• [Task to complete] Drop the pictures and repeat the remaining data exactly.

• [The data]

○ ○ ○

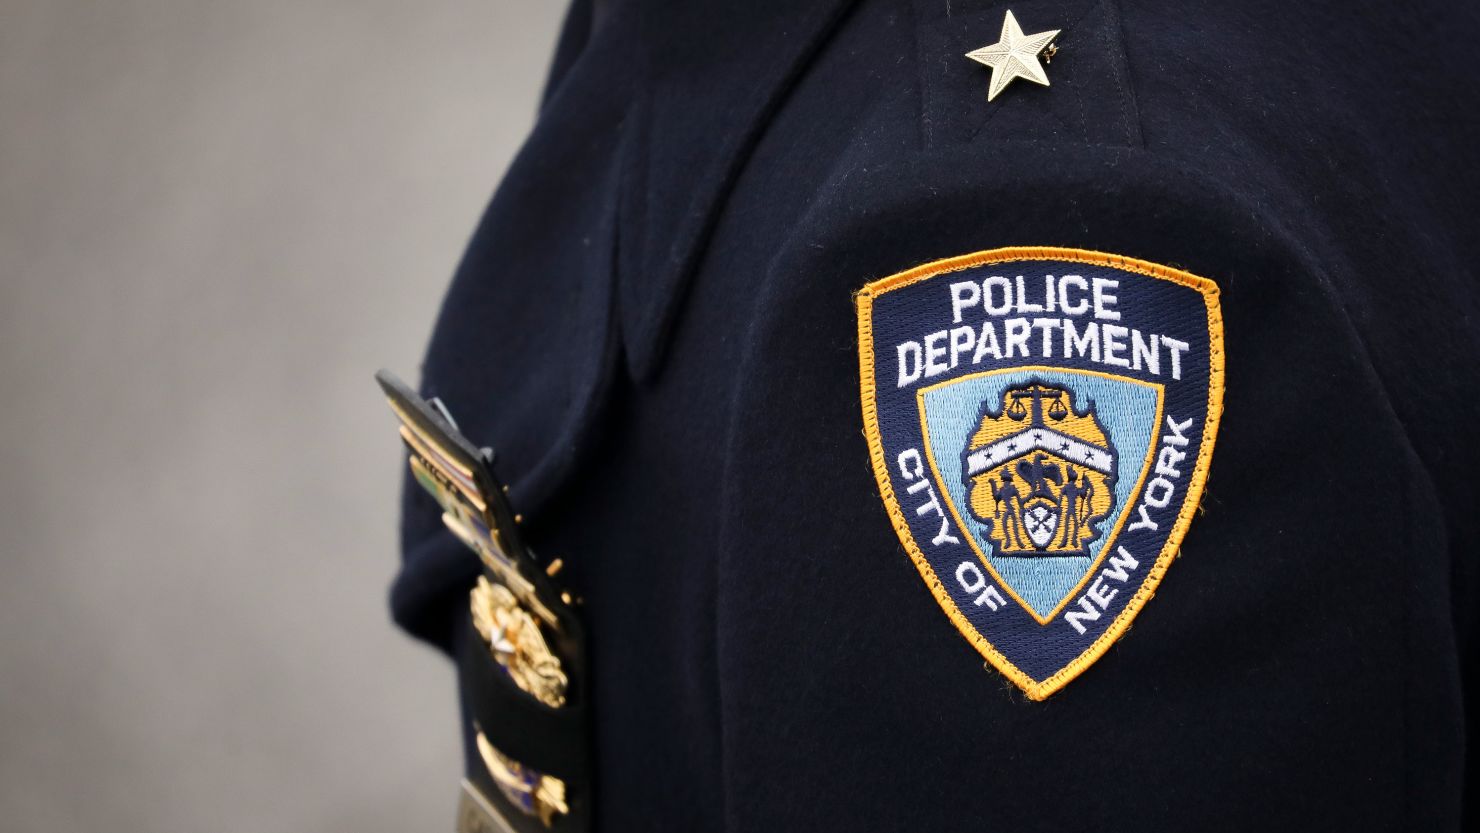 The Legal Aid Society's lawsuit argues the NYPD's practice of secretly collecting DNA from suspects without a warrant or court order is unconstitutional.
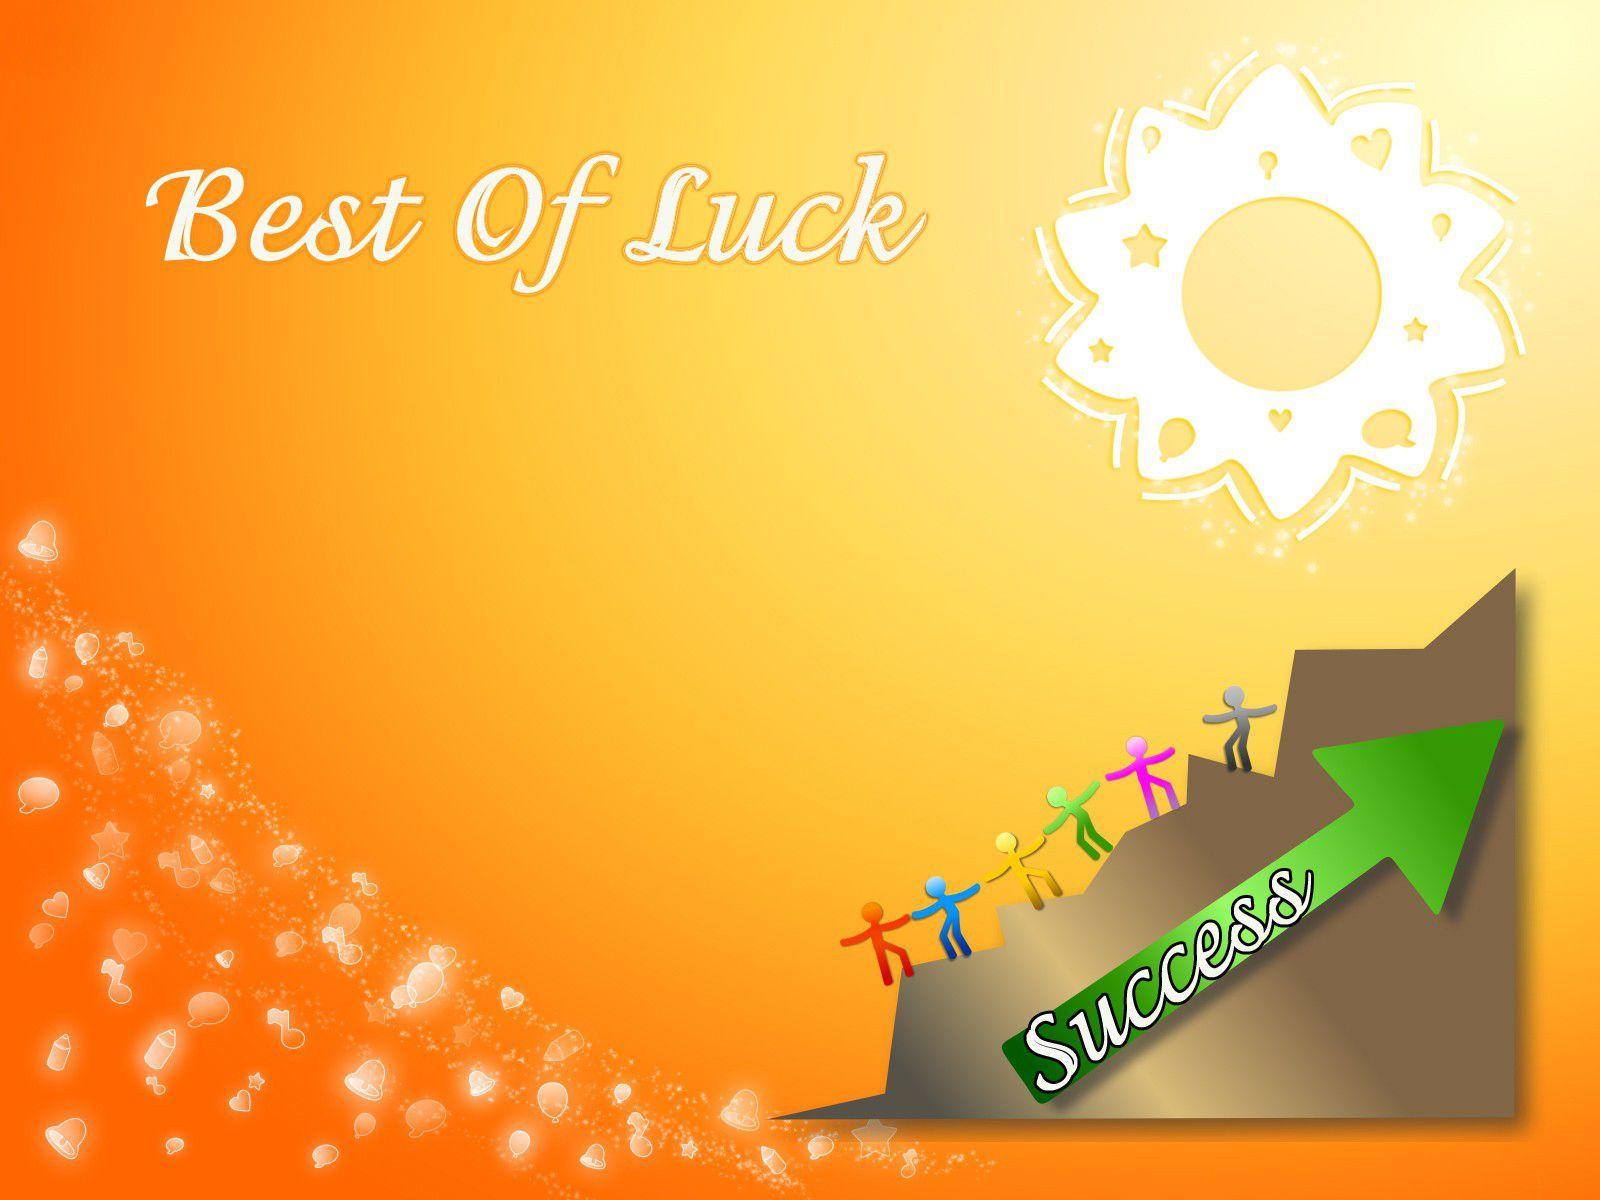 100+] Good Luck Pictures | Wallpapers.com
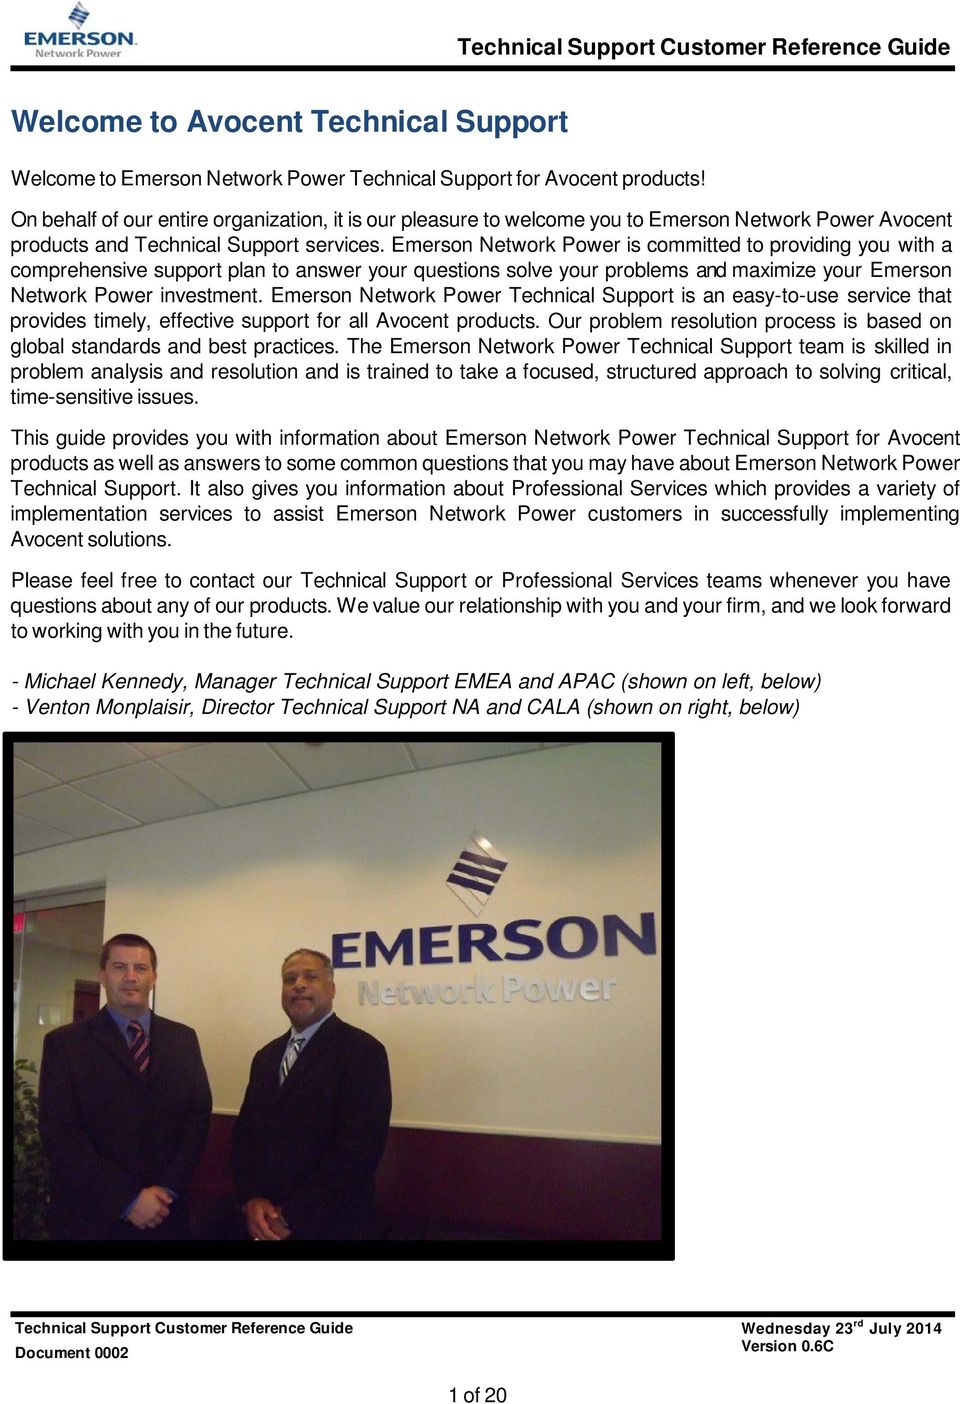 Emerson Network Power is committed to providing you with a comprehensive support plan to answer your questions solve your problems and maximize your Emerson Network Power investment.

○ ○ ○

• [Exercise response]
 The Legal Aid Society's lawsuit argues the NYPD's practice of secretly collecting DNA from suspects without a warrant or court order is unconstitutional.
 100+] Good Luck Pictures | Wallpapers.com
 Emerson Network Power is committed to providing you with a comprehensive support plan to answer your questions solve your problems and maximize your Emerson Network Power investment.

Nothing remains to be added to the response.